Он разволновался, голос ему изменил, ему пришлось перевести дыхание, и он крикнул со страстью, в которой слышался весь его неистребимый лиризм:

— Жизнь! Вторую жизнь! Кто мне ее даст для того, чтобы работа вновь похитила ее у меня и чтобы я вновь умер за работой!

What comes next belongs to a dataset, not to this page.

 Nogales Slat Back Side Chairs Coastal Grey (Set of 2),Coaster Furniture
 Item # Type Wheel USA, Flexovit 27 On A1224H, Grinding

Спустилась ночь; неподвижный силуэт матери растворился во тьме, казалось, что сумерки дышат прерывистым дыханием ребенка и с улицы надвигается далекая, все заполняющая скорбь. В мастерской, погрузившейся в зловещий мрак, только огромное полотно хранило бледный отсвет, последний остаток уходящего дня. Обнаженная фигура на картине, словно тающее видение, уже потеряла четкость очертаний; исчезли ноги, одна рука потонула во мраке, и только округлость живота четко выделялась своей сверкающей лунным светом плотью.

После долгого молчания Сандоз спросил:

— Хочешь, я пойду с тобой, когда ты понесешь картину?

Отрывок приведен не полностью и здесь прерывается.